Была-то ведь – злая.
Поправил на ней синеклетчатый плед; вытер слюни; и лоб завернул черным кружевом, чтоб комары не кусали; куда это каменность делась? Он весь пробыстрел; и – казался мешком, из которого вытек «душок», но в котором воспрянул жизненыш; в мешке, называвшемся лет шестьдесят «Задопятовым», связан был маленький очаровательный «пупс», вылезавший теперь, чтоб бежать в «детский сад», Задопятов был – зобом на теле.
Кто мог это думать?
Она!
Она – знала; она – не была; или – проще: от слова «была» оставалась одна половина; а именно: бы.
Сослагательное наклонение.
Ветер кидался песком, загрязняющим слюни, ей в рот; у ног – ерзнула ящерка, перебегая дорогу.

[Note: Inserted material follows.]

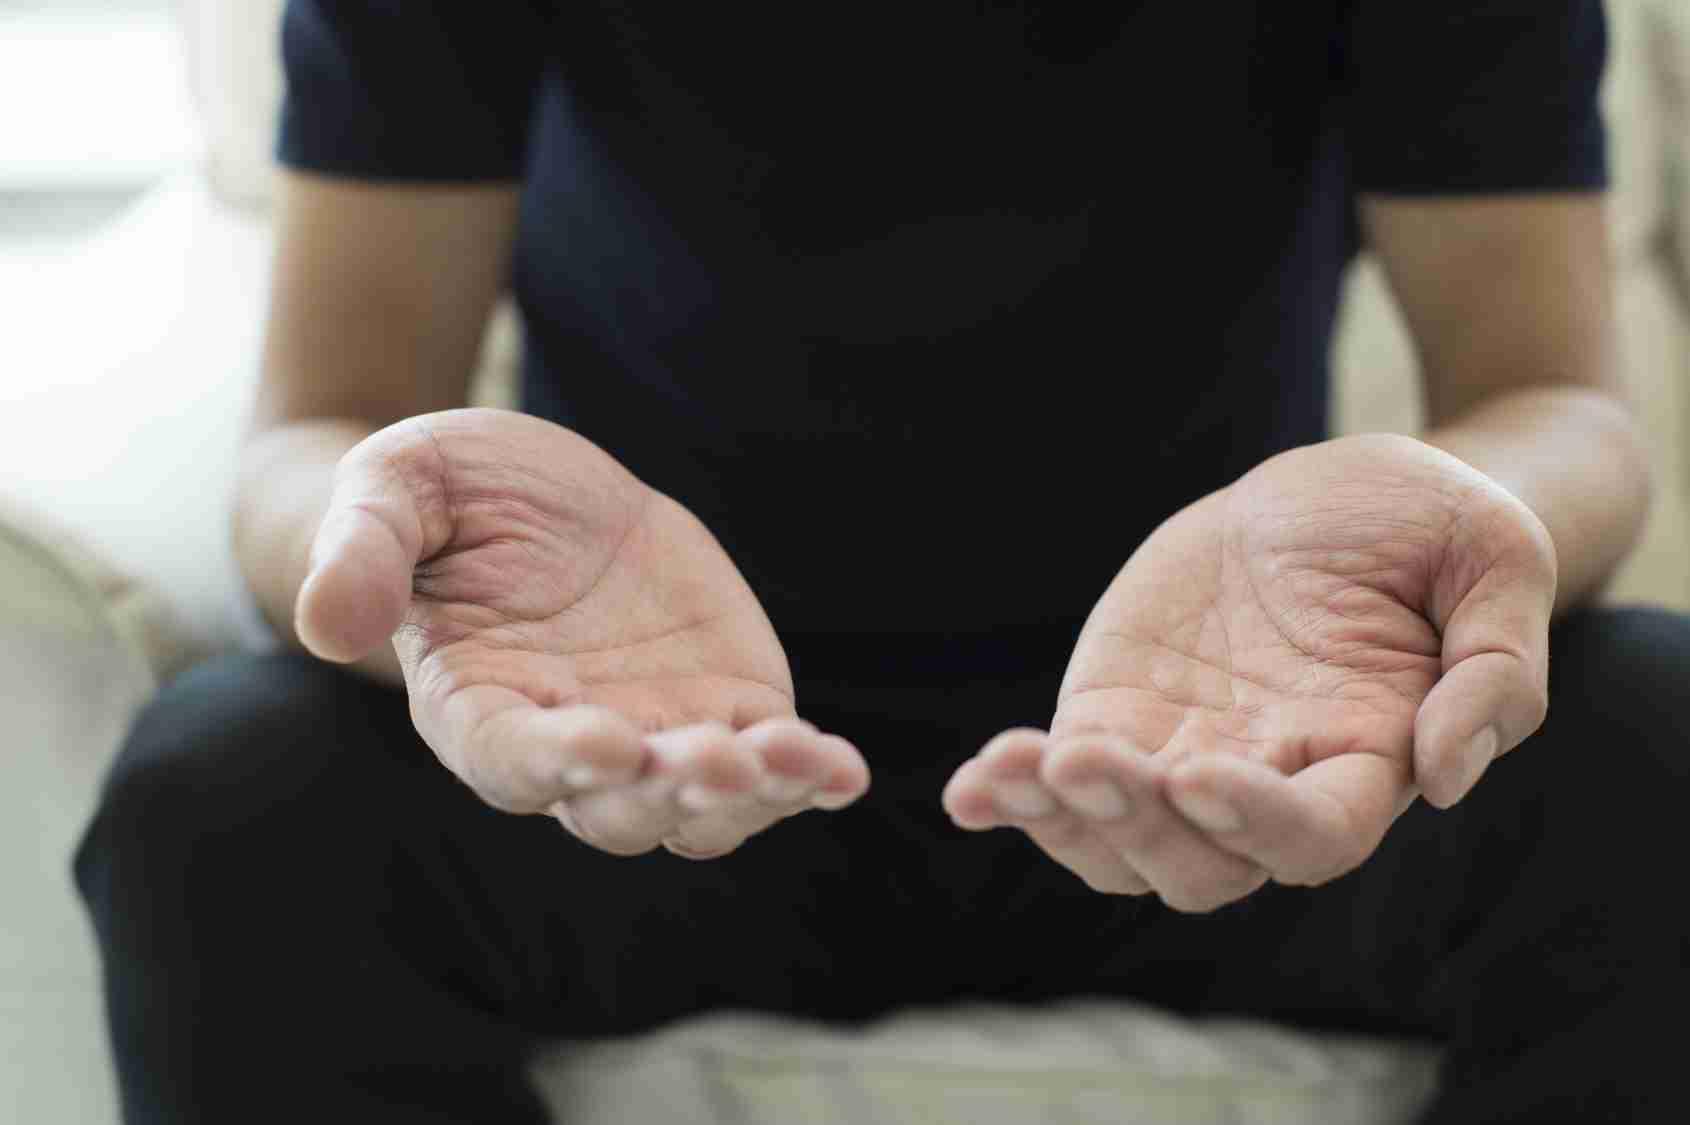 手汗がひどい...!手のひらや手の甲の汗を予防・改善するための3つの対策方法とリアルな体験談 | ココ汗コム 〜体の汗対策と予防改善方法〜

Над креслом себя изживал не Никитой Васильевичем, а «Китюшей», которого верно б она воспитала в «Никиту», а не в «Задопятова», выставленного во всех книжных лавках России (четыре распукленьких.тома: плохая бумага; обложка – серявая); вздувшись томами, он взлопнул; полез из разлоплины «пупс», отрываяся от жиряков знаменитого пуза, откуда доселе урчал он и тщетно толкался; а вот почитатели – «пупса» не знали; и – знать не хотели; ходили к сплошным жирякам: к юбилейным речам; почитатели ждали статьи о Бальзаке от «нашего достопочтенного старца»; он – вместо статьи подтирал ее слюни, из лейки левкой поливал иль – возился с хорошеньким «Итиком».
«Итик» захаживать стал, – белокурый мальчонок: трех лет; говорили, что жил он поблизости: в розовой дачке – налево; в носу ковырял, рот разинув на мык Анны Павловны; «Итика» гладил Никита Васильевич.
Пальцем указывал:
– Тетя больная.
А «Итик» – смеялся.
Вдруг «Итик» ходить перестал; и Никита Васильевич, важно надувшись и четким расставом локтей вздевши на нос пенсне – сам отправился к розовой дачке: разыскивать «Итика».
«Итика» не оказалось на дачке.
Но – спросим себя:
Неужели Никита Васильевич вместо общения с профессором словесности и переписки с Брандесом и Полем Буайе, предпочел вместе с «Итиком» делать на лавочке торт из песочку. Ведь – да.
Вместе с тем: закипала какая-то новая мысль (может – первая самостоятельная), оттесняя – все прочее: Гольцев, Кареев, Якушкин, Мачтет, Алексей Веселовский, Чупров, Виноградов и Пыпин, – куда все девались? «Душок», точно газ оболочки раздряпанной, – вышел; остался – чехол: он болтался – на «пупсе».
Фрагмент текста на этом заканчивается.